Skip the pictures. Transcribe the rest of the data below without changing a word.

------------

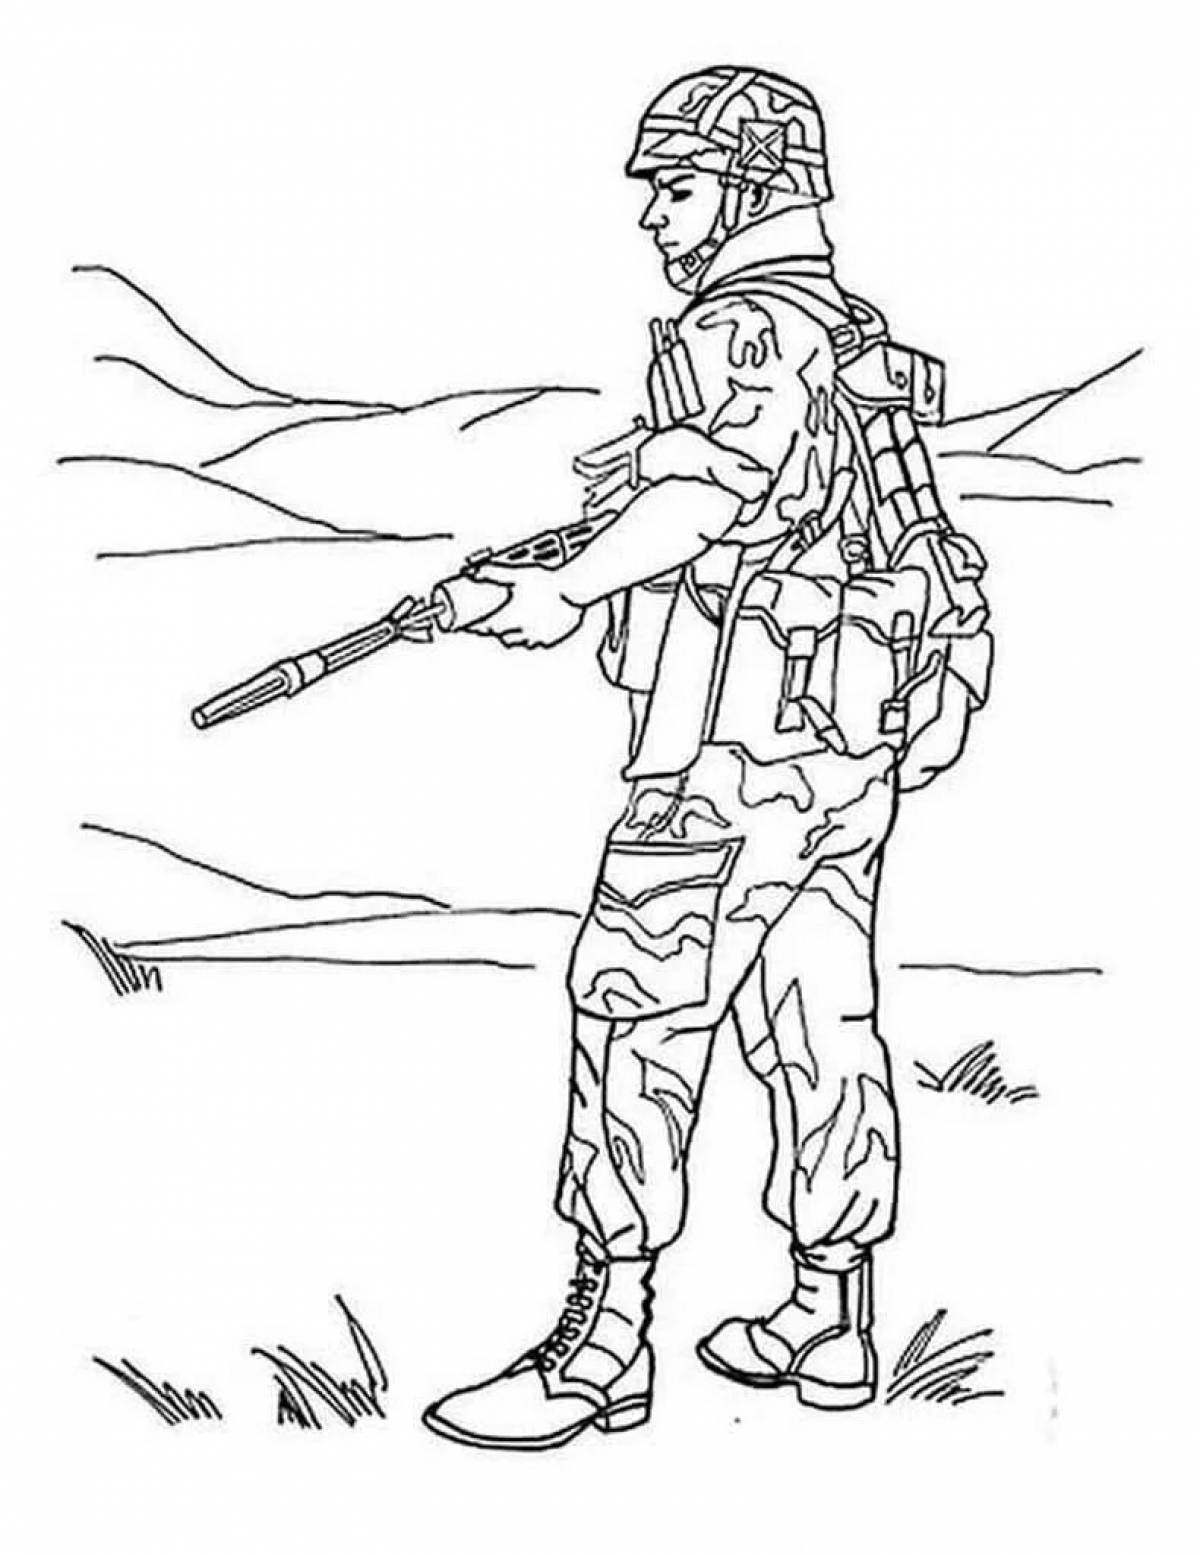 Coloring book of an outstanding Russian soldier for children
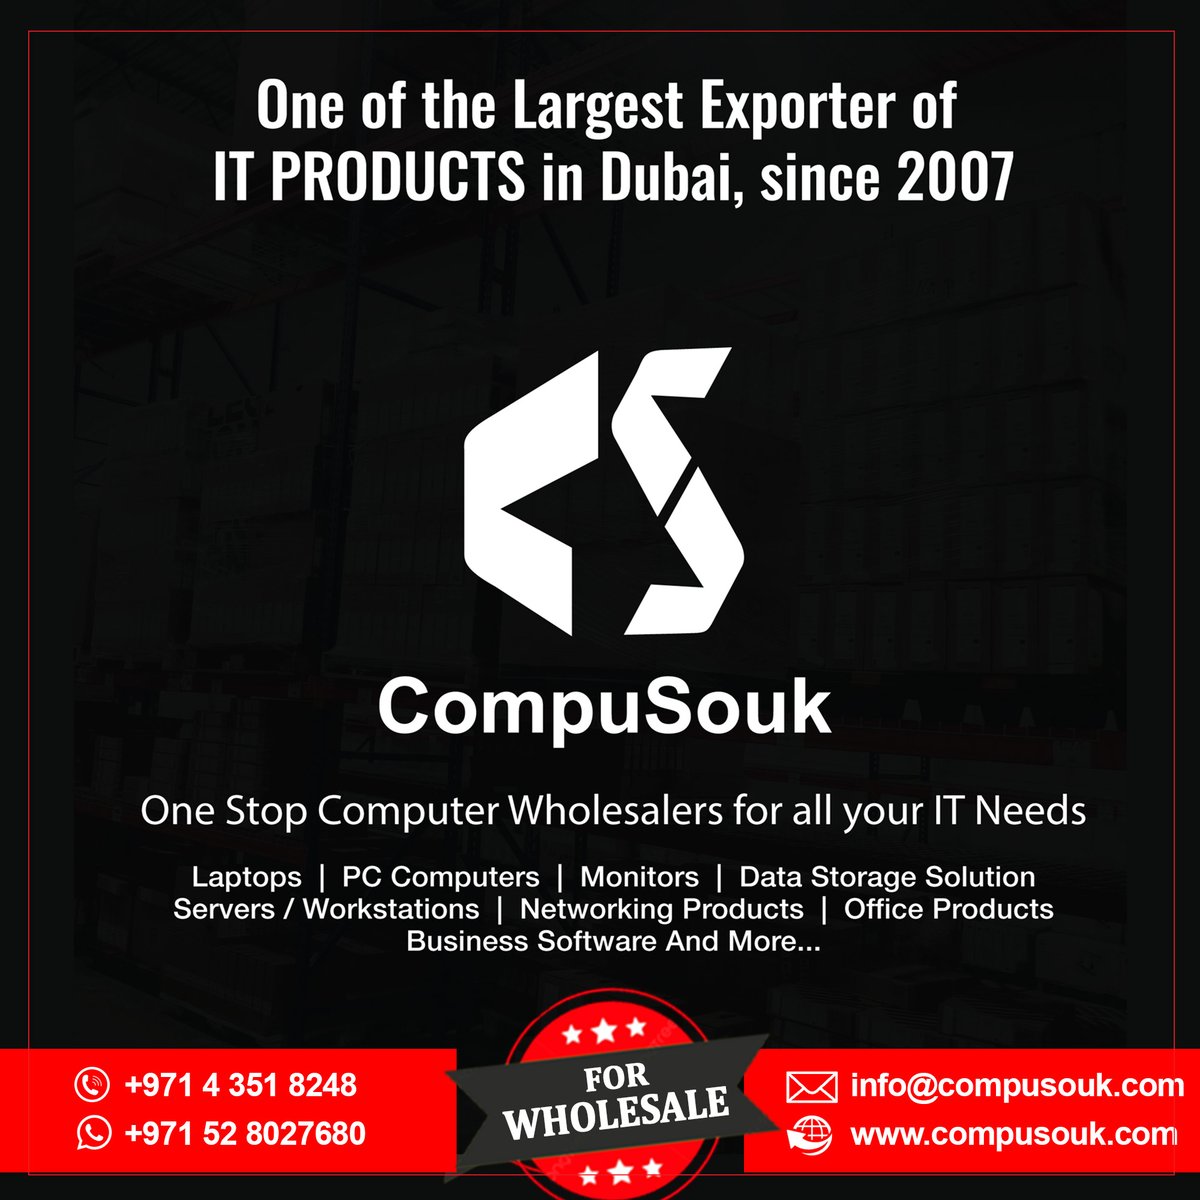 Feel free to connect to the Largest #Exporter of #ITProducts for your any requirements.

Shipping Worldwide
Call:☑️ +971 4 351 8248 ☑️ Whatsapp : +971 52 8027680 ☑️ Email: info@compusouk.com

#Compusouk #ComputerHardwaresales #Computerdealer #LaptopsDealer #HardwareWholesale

------------

▸ **SOLUTION FOR THIS PROBLEM**
 Coloring book of an outstanding Russian soldier for children
 Feel free to connect to the Largest #Exporter of #ITProducts for your any requirements.

Shipping Worldwide
Call:☑️ +971 4 351 8248 ☑️ Whatsapp : +971 52 8027680 ☑️ Email: info@compusouk.com

#Compusouk #ComputerHardwaresales #Computerdealer #LaptopsDealer #HardwareWholesale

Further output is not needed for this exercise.